[Task to complete]
Verbatim copy without images: return all of the data as it stands.

[Available data]
* * *
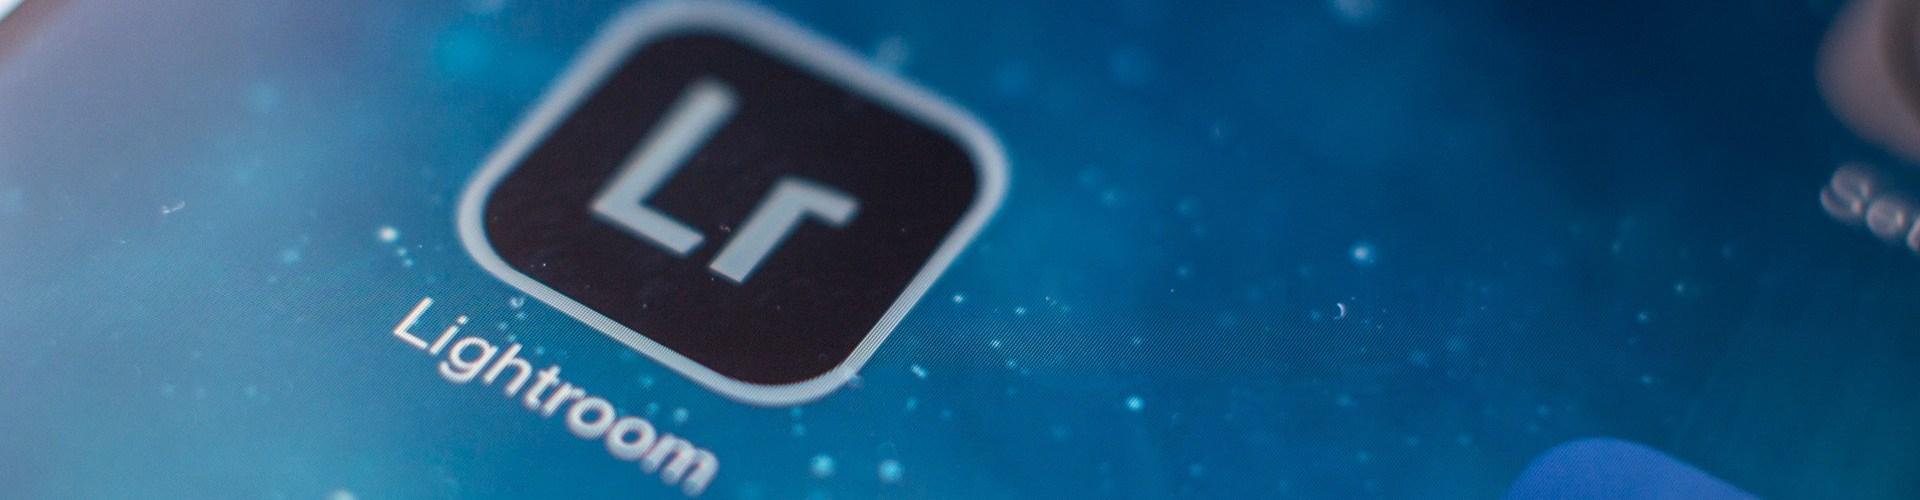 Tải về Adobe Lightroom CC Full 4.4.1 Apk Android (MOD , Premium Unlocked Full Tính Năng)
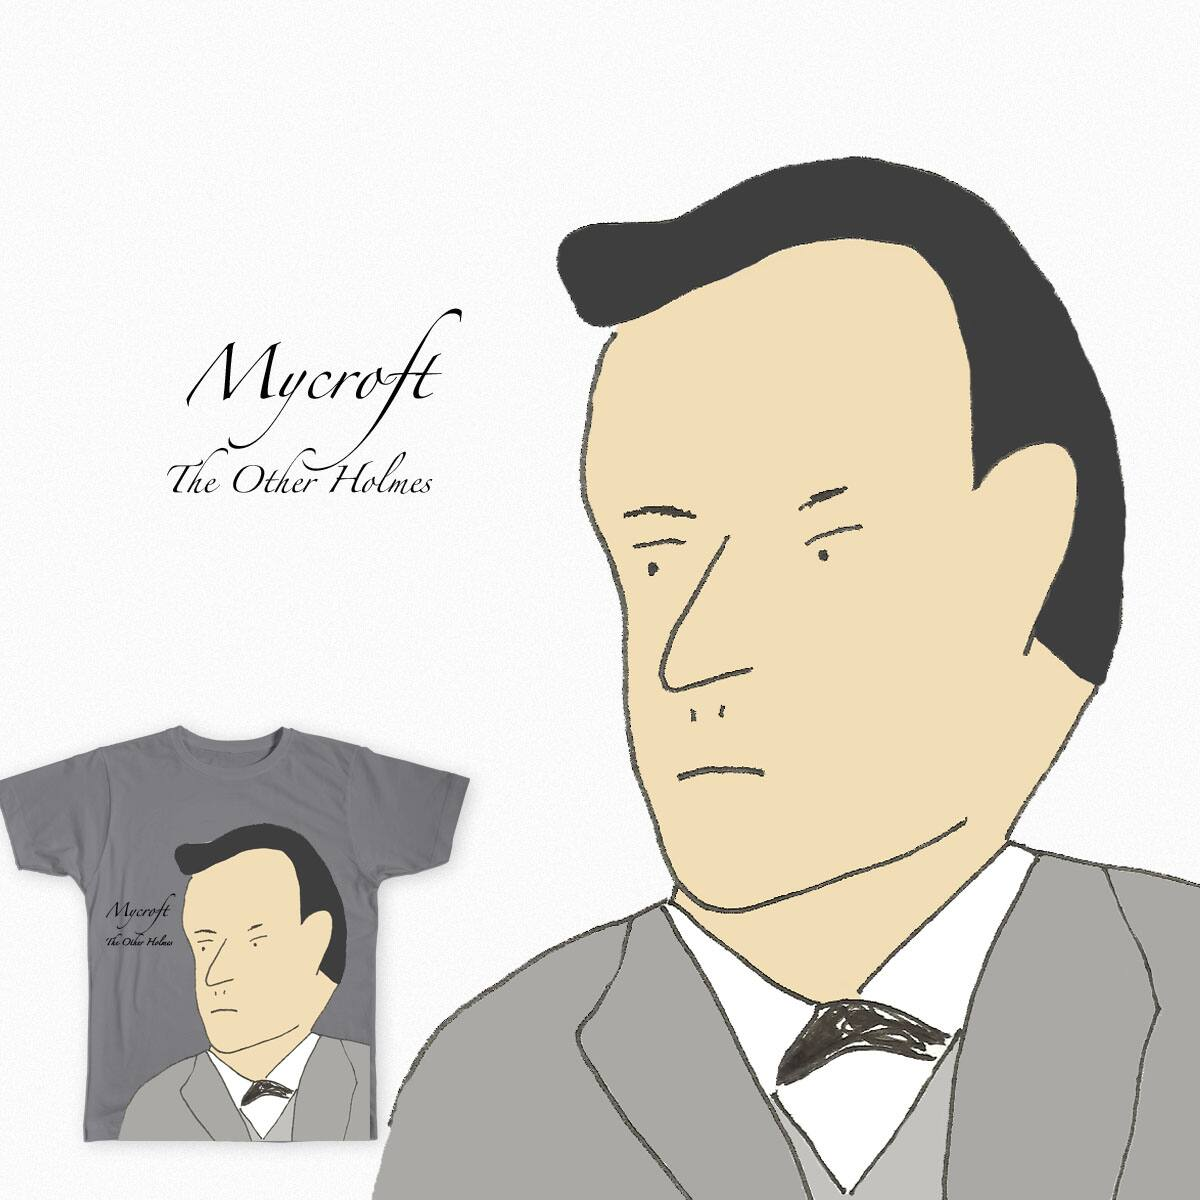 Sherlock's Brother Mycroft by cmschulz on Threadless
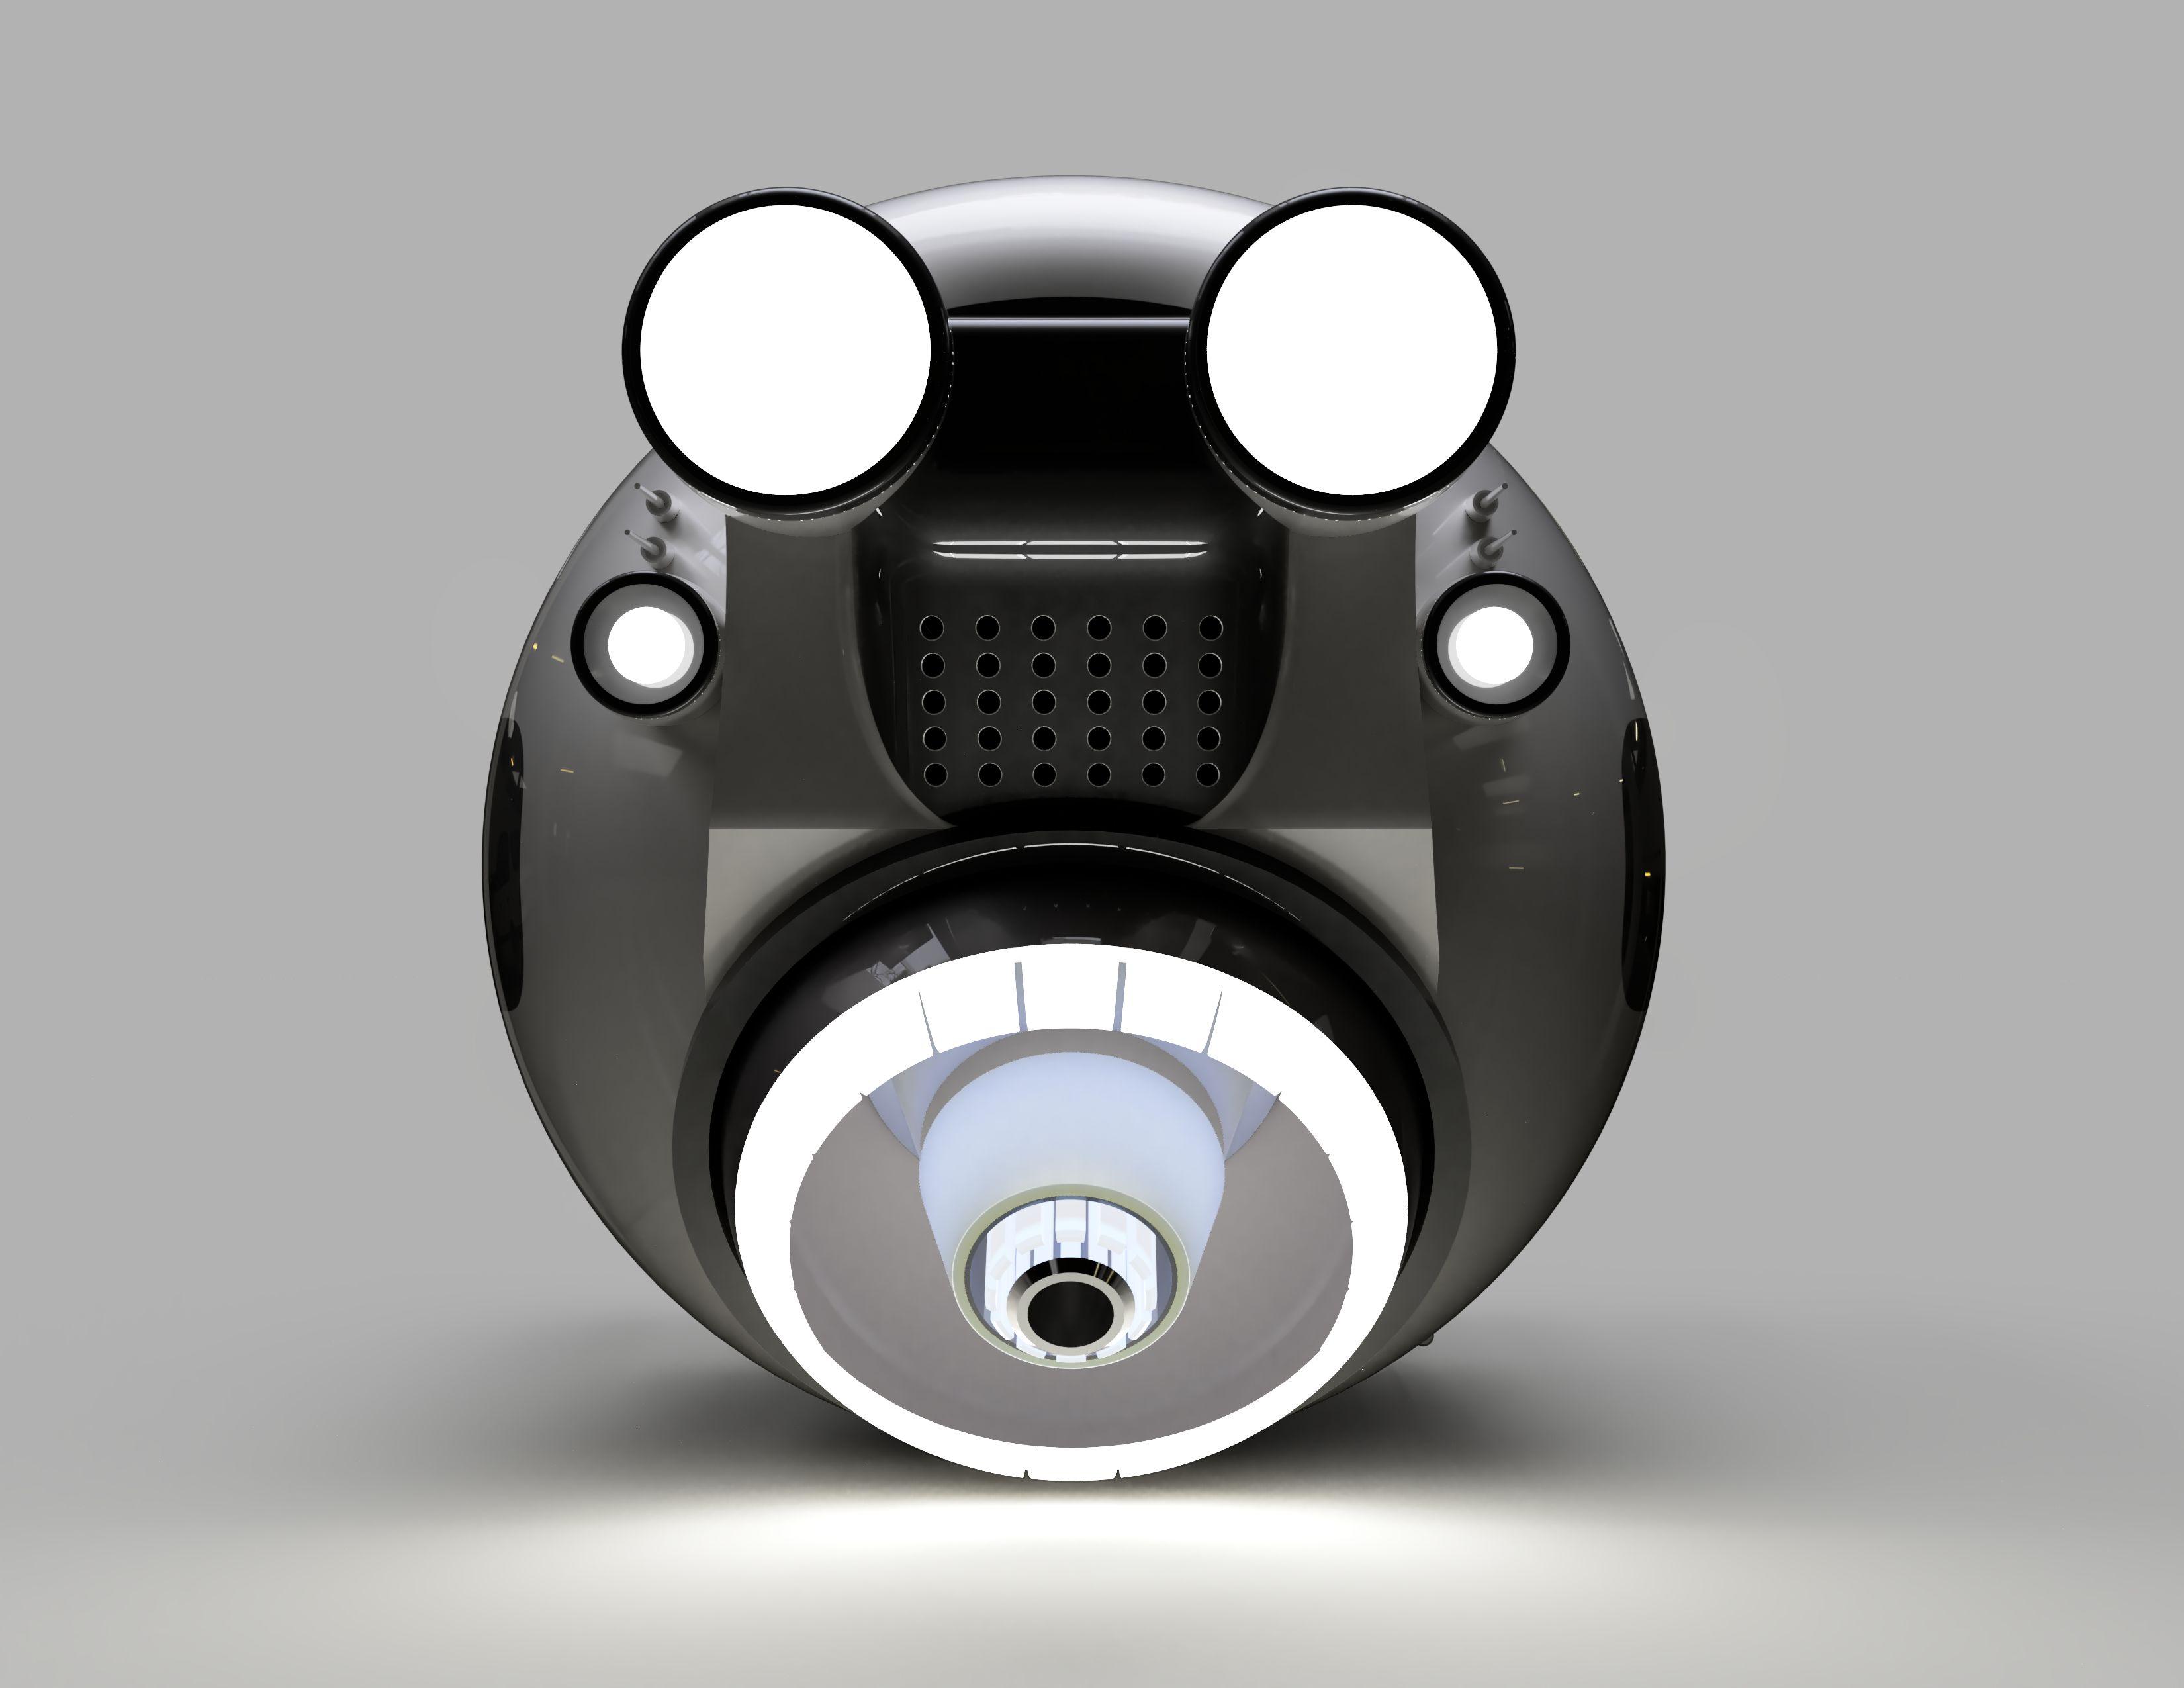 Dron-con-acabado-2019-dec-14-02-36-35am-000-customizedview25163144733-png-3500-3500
* * *
[The answer]
 Tải về Adobe Lightroom CC Full 4.4.1 Apk Android (MOD , Premium Unlocked Full Tính Năng)
 Sherlock's Brother Mycroft by cmschulz on Threadless
 Dron-con-acabado-2019-dec-14-02-36-35am-000-customizedview25163144733-png-3500-3500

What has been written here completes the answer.